DALLAS — It all ended in San Francisco Thursday night, but let’s not pretend there is an underlying sadness or failure on the part of the Mavericks this season. Let’s recognize for a moment what they were battling out west.
The Golden State Warriors are going to the NBA Finals for the sixth time in eight years. They are going to the Finals for the sixth time in the last six years that Klay Thompson, who had his one and only lights-out shooting game of the series Thursday in scoring 32 points, is healthy. In six Western Conference finals since 2015, the Warriors are 24-8 with two sweeps and two teams (one of them now Dallas) dispatched in five games. They were a team constructed to go to the Finals year after year, and it’s exactly what they have done.
It’s the reason I mostly hate the fact that Kevin Durant stopped by to win a couple of Finals MVP trophies. There’s a great chance they were going to win without him. They won it all in 2015 without him. They won 73 games in 2016 without him. When you draft Stephen Curry seventh (one pick after Jonny Flynn) and Thompson 12th (one pick after Jimmer Fredette) and Draymond Green 35th (oops, right after Dallas landed Bernard James and Jae Crowder) and come back a few years later and grab Jordan Poole 28th (right after Dylan Windler and Mfiondu Kabengele) and then trade D’Angelo Russell and junk to Minnesota for Andrew Wiggins and a pick you turn into Jonathan Kuminga, you’re doing more than a few things right as an organization.
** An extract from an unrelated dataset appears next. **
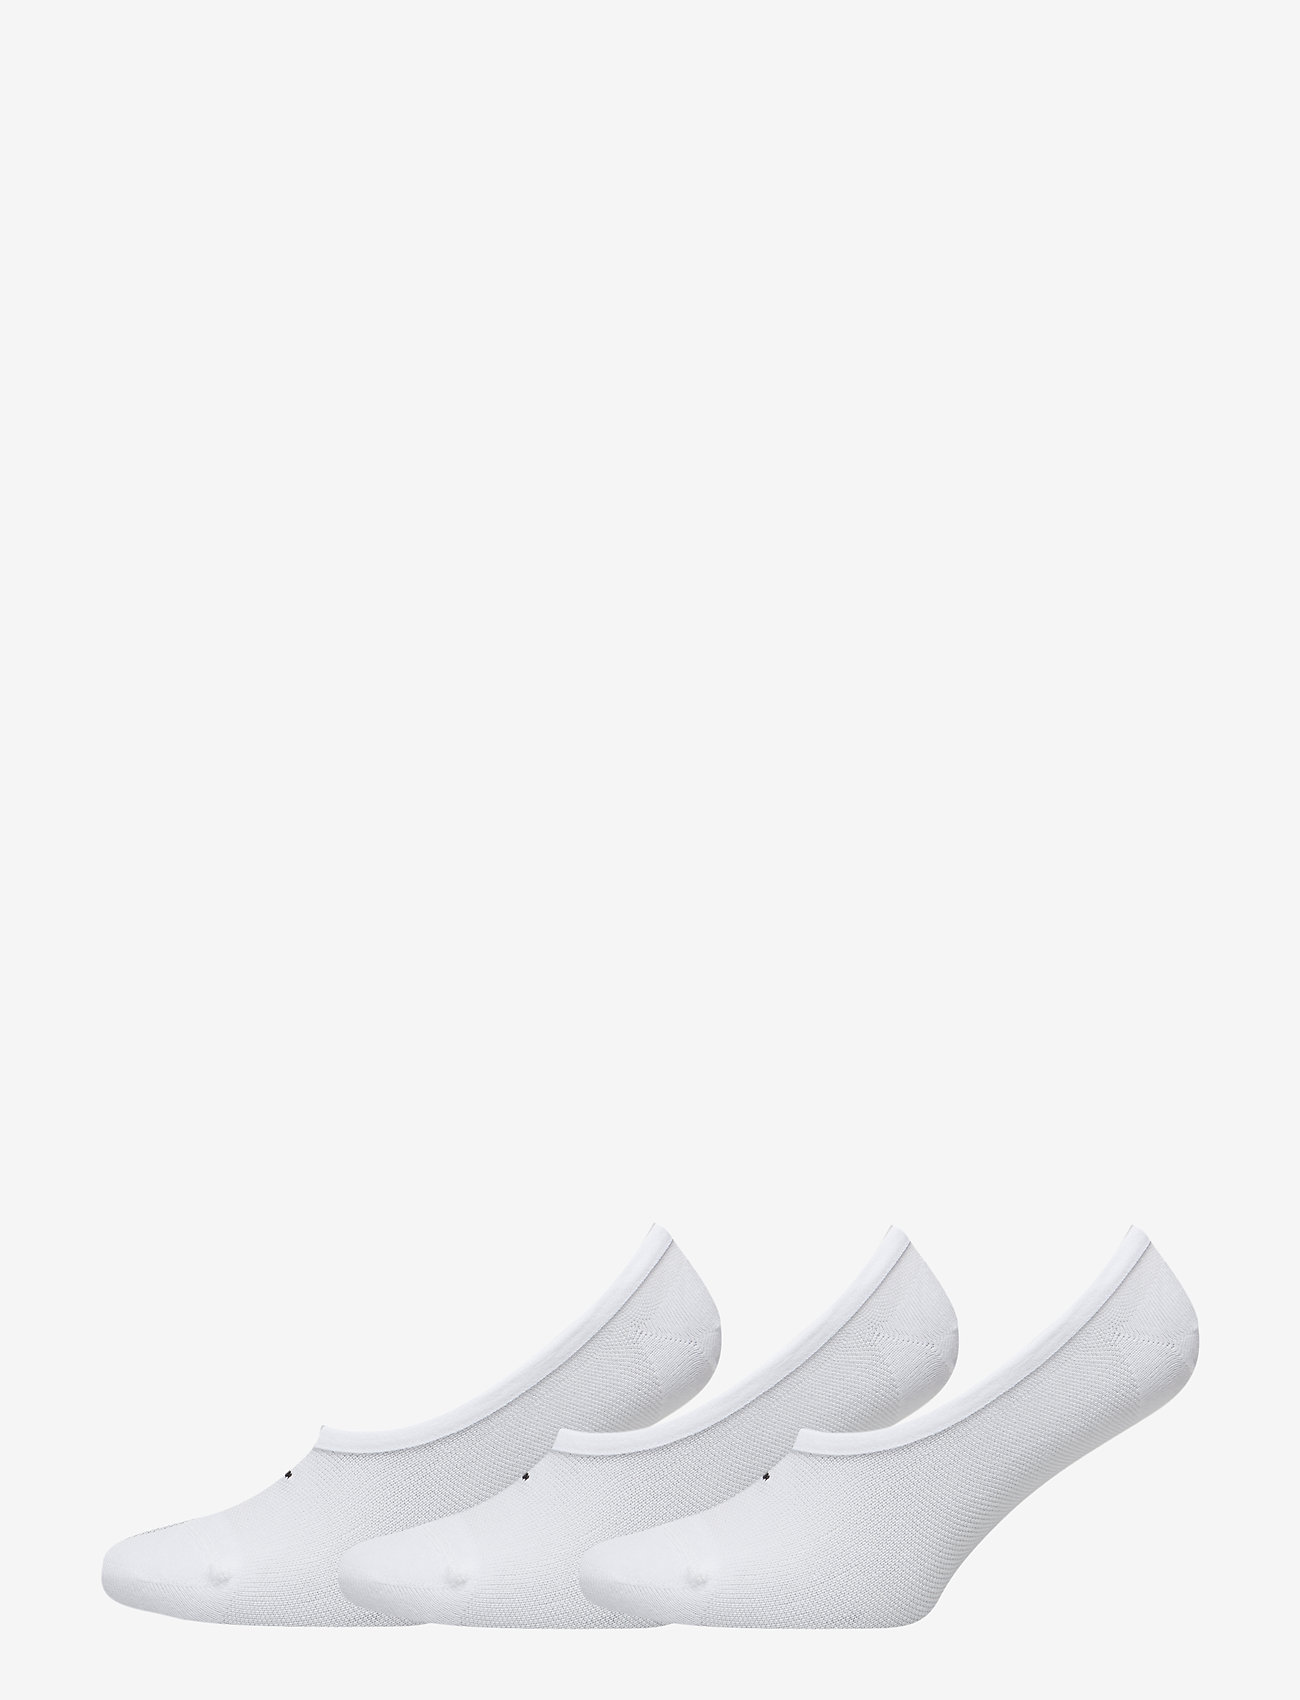 PUMA - PUMA FOOTIE 3P UNISEX - kousen - white - 0

To paraphrase what Ruth told the interim sheriff in the final season of Ozark, “They’re playing chess while you’re playing Candy Land.”
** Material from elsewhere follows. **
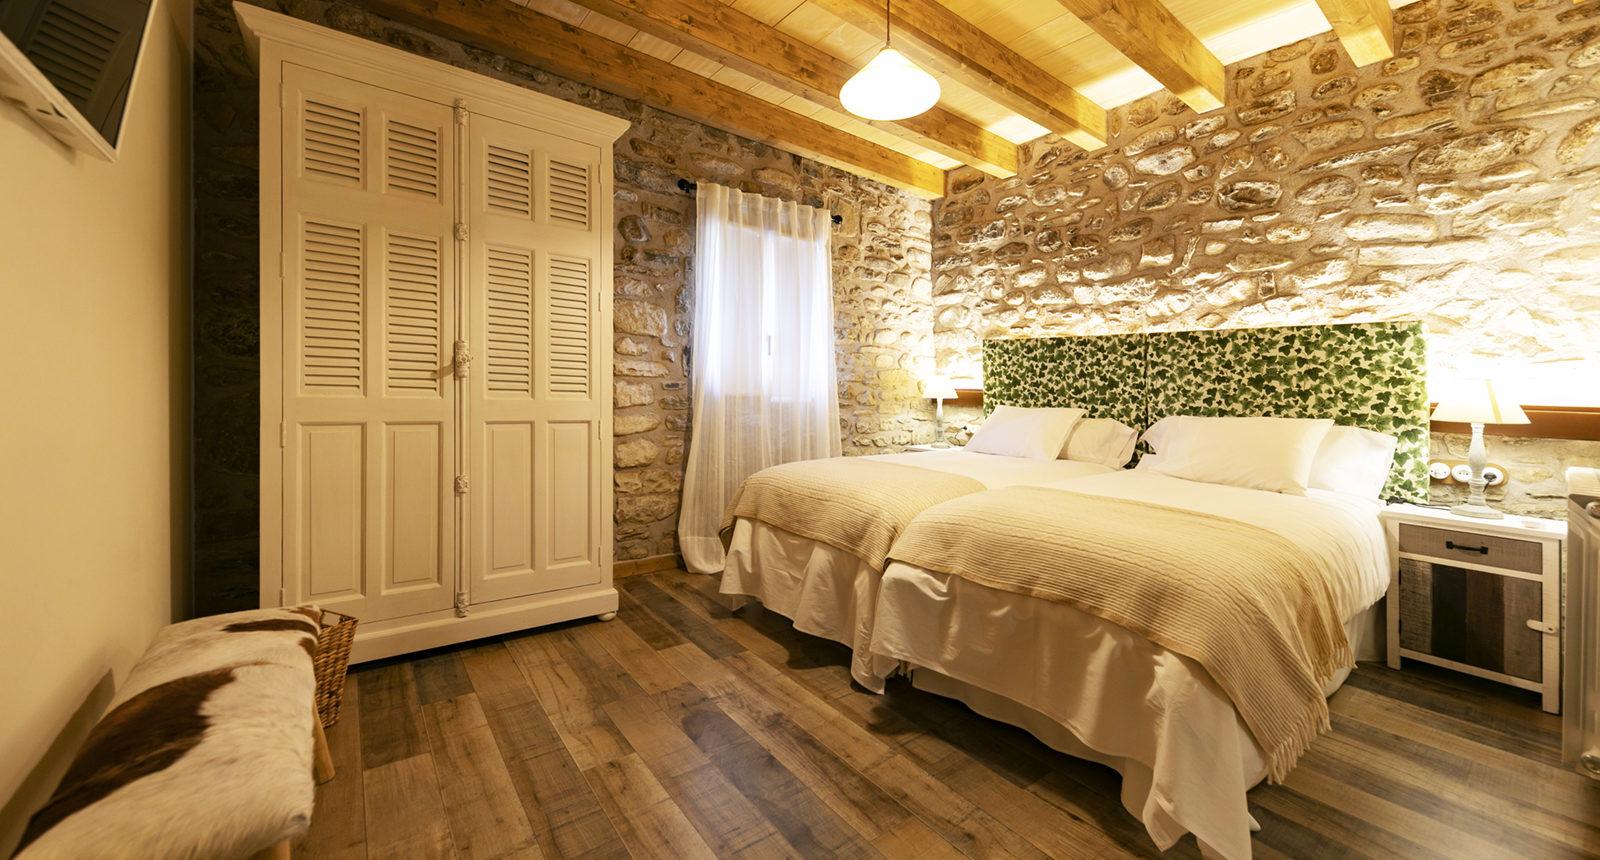 habitación doble con baño554
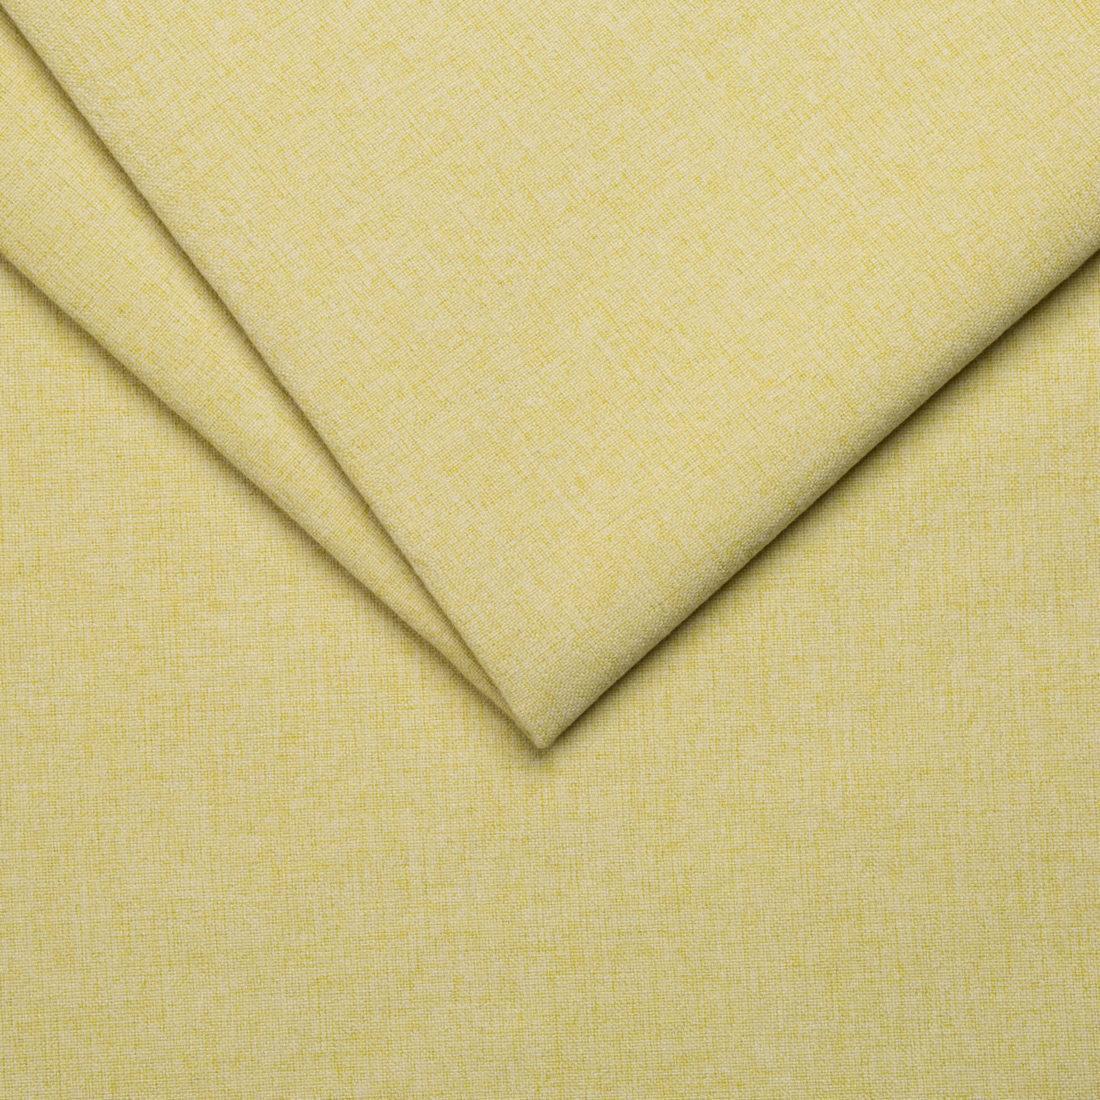 Меблева тканина Cashmere 13 Lemon, рогожка

The Mavericks finished 52-30 this season but went 0-3 in the Chase Center during the playoffs. Big deal. So did the Denver Nuggets, who won four fewer games than Dallas this season. So did the Memphis Grizzlies, who won four more games than Dallas. To say it’s a hard place to win come playoff time? Well, for the moment, it has proved impossible. Even if the Warriors drop a game there during the Finals, don’t expect anyone besides Steph and Draymond and Klay and Wiggins to be hoisting more NBA hardware in a couple of weeks.
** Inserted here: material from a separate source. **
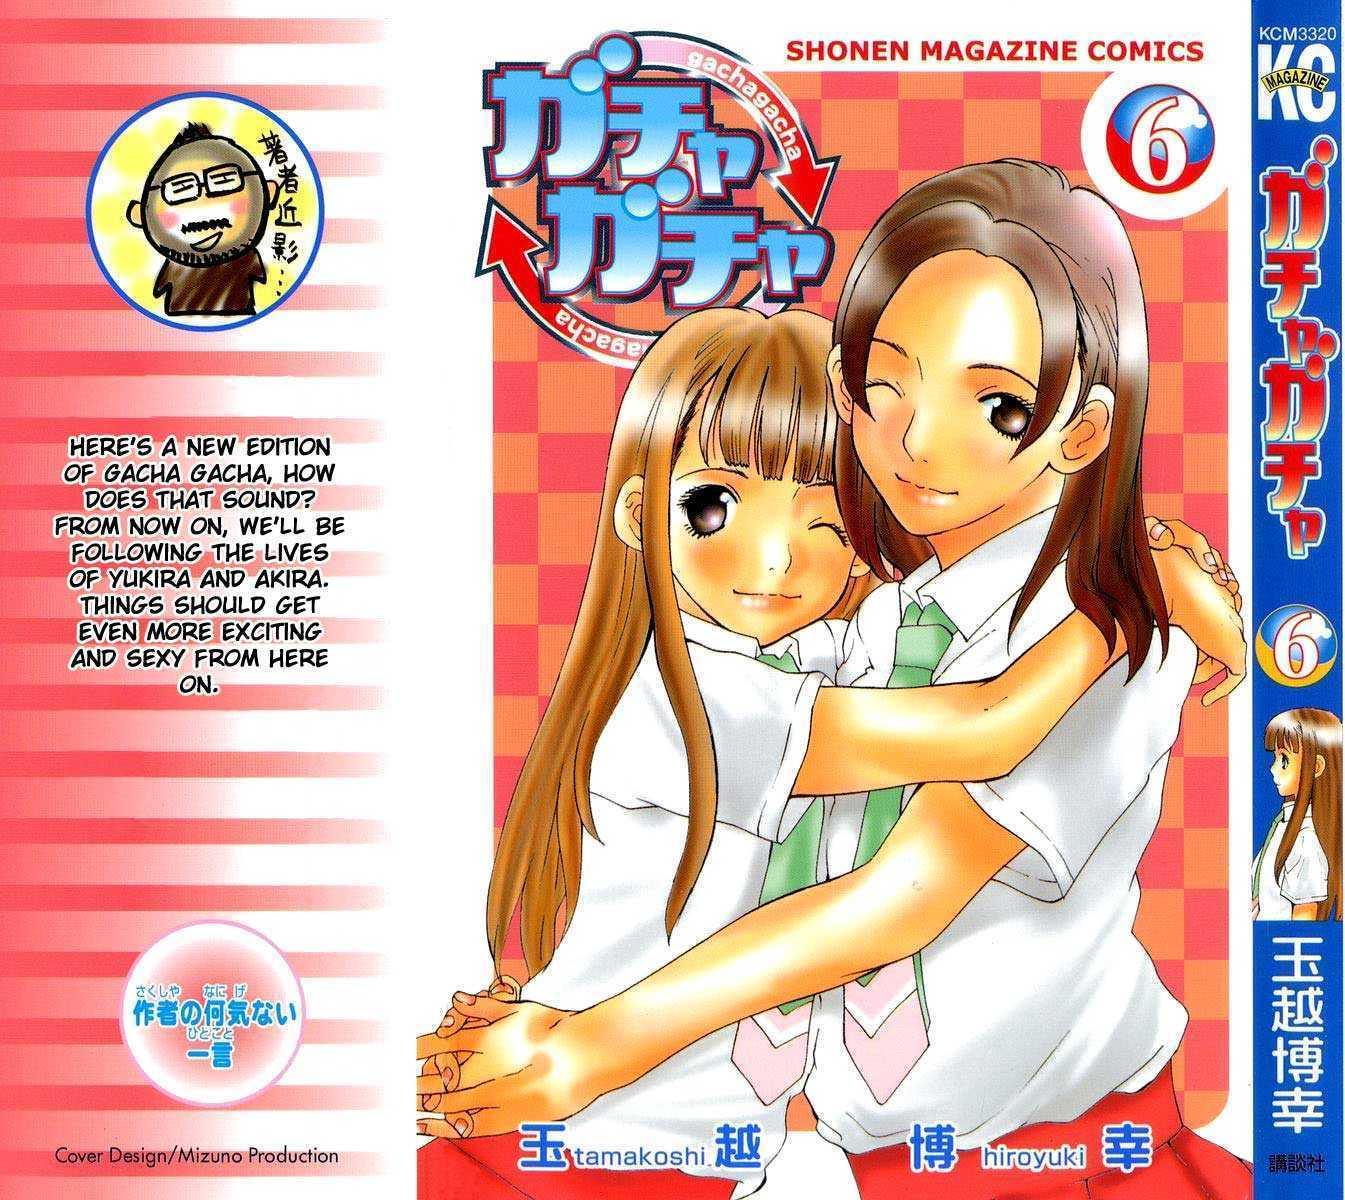 Gacha Gacha 1: Let's Make New Friends! at MangaFox

There are lots of things for the Mavericks to consider, roster moves that are worthy of discussion for this summer and we will save those for tomorrow. It’s just worth recognizing that if you’re going to get into this whole business of being a sports fan, a team that gives you a nice long ride right up until the fringe of Memorial Day weekend, as the Mavericks just did, is worth applauding.
Playoff defeats often come with the exposure of some inefficiency. When the Cowboys go 12-5 after storming through their mundane division (6-0), but get physically overwhelmed by a slightly gimmicky San Francisco offense at home in the playoffs, it raises eyebrows. Or should. And when the Stars give it their all in a seven-game series but register 14 goals against the Calgary Flames, who then surrenders 25 in five games to Edmonton, it’s probably a signal that Dallas lacks a little scoring punch.
While the Mavs certainly have their own needs, none of that hand-wringing is forced by a loss to the Warriors. Now part of that is because the franchise has been so lackluster since the 2011 title that any success comes as a shock. No champion before Dallas ever followed up by going 10 years without a playoff series victory although Chicago won only one series in the first decade after Michael Jordan and Scottie Pippen bid farewell.
These particular Mavericks left folks scratching their heads in Utah and Phoenix on the way to the Western Conference finals. In fairness, they were already doing a little scratching in Utah but the Mavericks forced them to kick it up a notch. We thought that the Suns were the most difficult challenge Dallas could face, given Phoenix’s run to the Finals last spring and a 64-win regular season. Instead, they were simply a better version of the same conventional foe that had so much trouble handling the Mavericks’ small-ball, three-point shooting onslaught.
The Warriors, with center Kevon Looney efficiently guarding both Doncic and Jalen Brunson when forced into those matchups and with Green essentially a smaller, more athletic version of a center, weren’t so easily rendered out of sorts. And even with that, the Warriors resorted to more and more zone defense as the series went along, and Dallas still tossed in 84 3-pointers which is the most ever in a five-game playoff by a substantial margin. That doesn’t get you a prize, but it offers some food for thought on where the game is going and how the Mavericks are at the forefront of that movement.
Yes, it’s a team that needs more size and stability and maybe a few other things for next season, but let’s not shove 2021-22 deep into the memory banks too quickly. Dallas was eliminated by a team that is the dominant professional franchise of this era in terms of getting to championship series and collecting trophies. Even with the depth the Warriors displayed, especially in the fourth quarter of Game 4 when Steve Kerr’s bench tried to produce a sweep on its own, their greatness won’t be sustained forever.
The fact that this is not yet the Mavericks’ time is no shame. The challenge now is to make sure it gets here.